--- Provided records Enclosed Below ---

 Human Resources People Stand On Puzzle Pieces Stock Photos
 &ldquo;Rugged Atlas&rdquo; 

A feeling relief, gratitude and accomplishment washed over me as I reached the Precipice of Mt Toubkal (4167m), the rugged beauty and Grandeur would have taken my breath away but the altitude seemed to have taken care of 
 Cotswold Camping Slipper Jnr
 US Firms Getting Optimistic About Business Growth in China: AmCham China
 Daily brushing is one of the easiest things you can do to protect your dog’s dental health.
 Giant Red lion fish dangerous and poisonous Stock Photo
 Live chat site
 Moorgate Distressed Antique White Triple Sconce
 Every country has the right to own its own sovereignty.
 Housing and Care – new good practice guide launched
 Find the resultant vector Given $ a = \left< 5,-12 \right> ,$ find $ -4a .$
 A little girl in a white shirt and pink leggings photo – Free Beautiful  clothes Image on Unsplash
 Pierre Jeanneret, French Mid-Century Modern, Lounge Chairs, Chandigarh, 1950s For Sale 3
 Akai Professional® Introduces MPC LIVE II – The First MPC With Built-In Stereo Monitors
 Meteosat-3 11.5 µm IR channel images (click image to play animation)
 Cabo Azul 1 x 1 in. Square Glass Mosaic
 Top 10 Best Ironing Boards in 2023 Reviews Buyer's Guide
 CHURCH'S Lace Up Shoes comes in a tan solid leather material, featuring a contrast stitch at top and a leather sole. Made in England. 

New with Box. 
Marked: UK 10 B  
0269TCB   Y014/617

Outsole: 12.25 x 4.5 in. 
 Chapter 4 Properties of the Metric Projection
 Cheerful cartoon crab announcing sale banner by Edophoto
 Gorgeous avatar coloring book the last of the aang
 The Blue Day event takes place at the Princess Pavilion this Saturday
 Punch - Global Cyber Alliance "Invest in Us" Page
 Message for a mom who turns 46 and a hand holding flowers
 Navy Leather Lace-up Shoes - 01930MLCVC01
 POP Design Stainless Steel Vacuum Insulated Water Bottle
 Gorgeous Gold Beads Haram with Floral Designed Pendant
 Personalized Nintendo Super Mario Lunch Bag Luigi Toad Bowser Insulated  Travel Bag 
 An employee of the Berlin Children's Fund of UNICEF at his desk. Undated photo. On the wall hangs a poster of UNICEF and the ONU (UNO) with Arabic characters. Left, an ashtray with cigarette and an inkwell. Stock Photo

--- End of Enclosed Provided records ---

## Work to be completed
Everything from the line with "Marked: UK 10 B" through the line with "Personalized Nintendo Super" in the listing above must be retyped exactly, with nothing added.

## Reply
Marked: UK 10 B  
0269TCB   Y014/617

Outsole: 12.25 x 4.5 in. 
 Chapter 4 Properties of the Metric Projection
 Cheerful cartoon crab announcing sale banner by Edophoto
 Gorgeous avatar coloring book the last of the aang
 The Blue Day event takes place at the Princess Pavilion this Saturday
 Punch - Global Cyber Alliance "Invest in Us" Page
 Message for a mom who turns 46 and a hand holding flowers
 Navy Leather Lace-up Shoes - 01930MLCVC01
 POP Design Stainless Steel Vacuum Insulated Water Bottle
 Gorgeous Gold Beads Haram with Floral Designed Pendant
 Personalized Nintendo Super Mario Lunch Bag Luigi Toad Bowser Insulated  Travel Bag 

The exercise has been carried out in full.